During the visit, ORNL scientists briefed Sanders on ongoing research projects related to resilient communications, vulnerability science, quantum, high-performance computing and natural language processing. A visit to the Autonomous Systems Laboratory highlighted opportunities where scientific solutions can support the missions of special forces.

“ORNL’s strengths in high performance computing, autonomous systems, sensing technologies and concepts, as well as expertise in applied and basic research, development, testing and evaluation can be applied to USSOCOM’s technical and scientific challenges to meet the warfighter’s needs,” said Rich Robertson, former U.S. Army special operations member and project manager for USSOCOM projects at ORNL.

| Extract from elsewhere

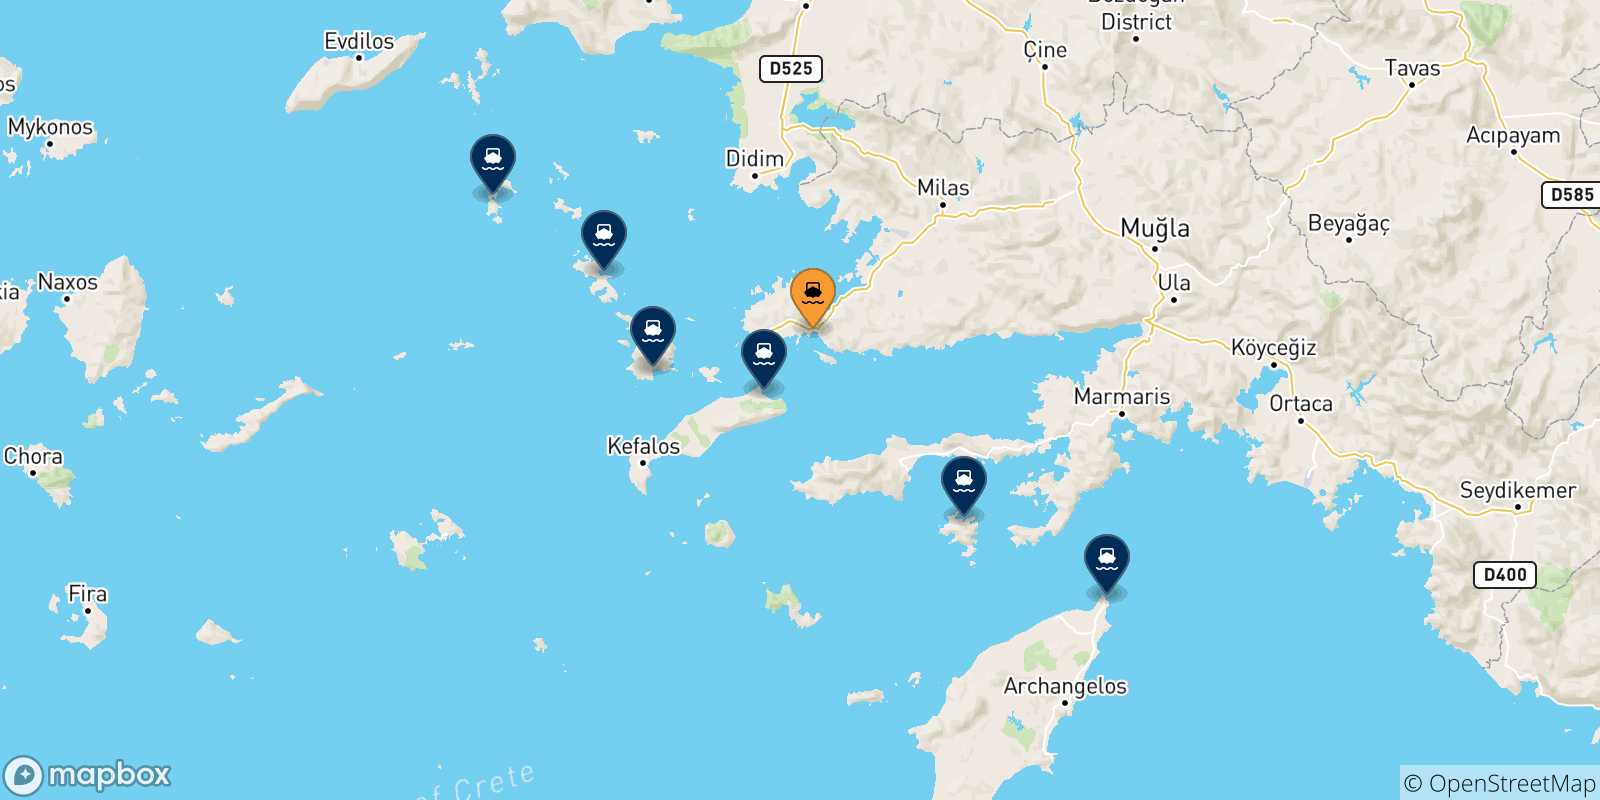 Mappa delle possibili rotte tra Bodrum e la Grecia
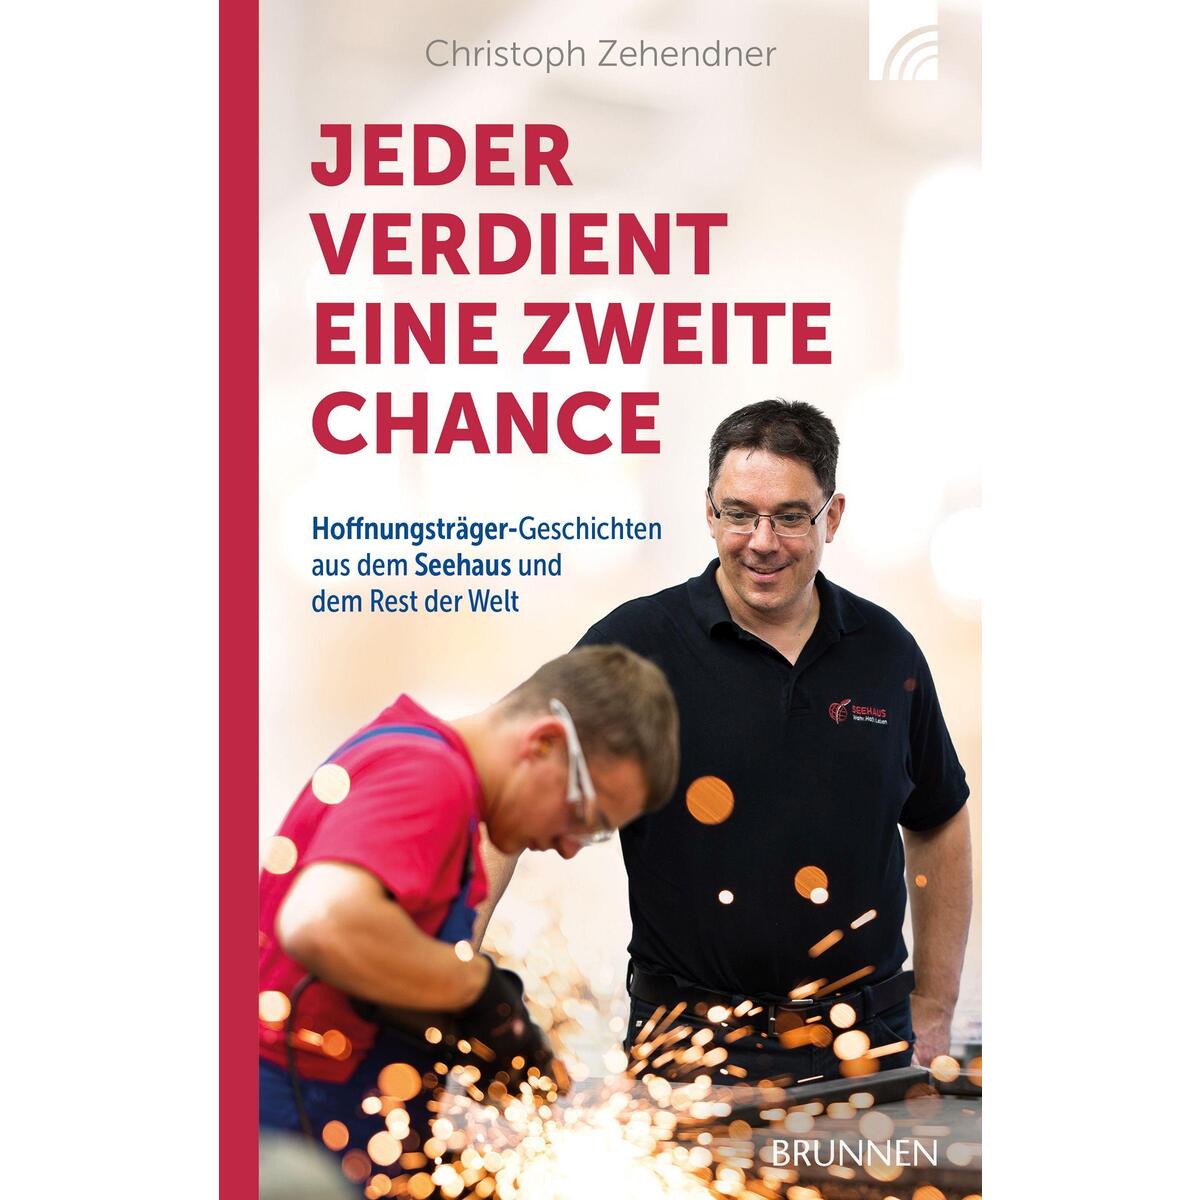 Jeder verdient eine zweite Chance von Brunnen-Verlag GmbH

From understanding language and culture through natural language-processing algorithms to using autonomous aerial and ground systems, ORNL technologies can help special operators in a variety of situations around the world.

ORNL and the Department of Defense have partnered on projects since the Manhattan Project, and this collaboration continues across multiple scientific domains including, but not limited to, high-performance computing, advanced manufacturing and materials and cyber security. Over the decades, ORNL’s ability to deliver unique scientific solutions to military mission needs has kept the relationship strong. While ORNL works through the Department of Energy to engage with the Department of Defense, having the visitors see the laboratory and connect with researchers is invaluable to finding the right capability or expertise for today’s emerging national security challenges.

“There are several opportunities for ORNL to apply its science and technology to USSOCOM’s hardest S&T challenges as new threats emerge to the nations’ security,” said Brooke Uzzle, project manager within the ORNL National Security Sciences Directorate’s program office for Intelligence and Special Programs. “These opportunities are being explored with the USSOCOM S&T office and will help foster an enduring relationship between the lab and the command.”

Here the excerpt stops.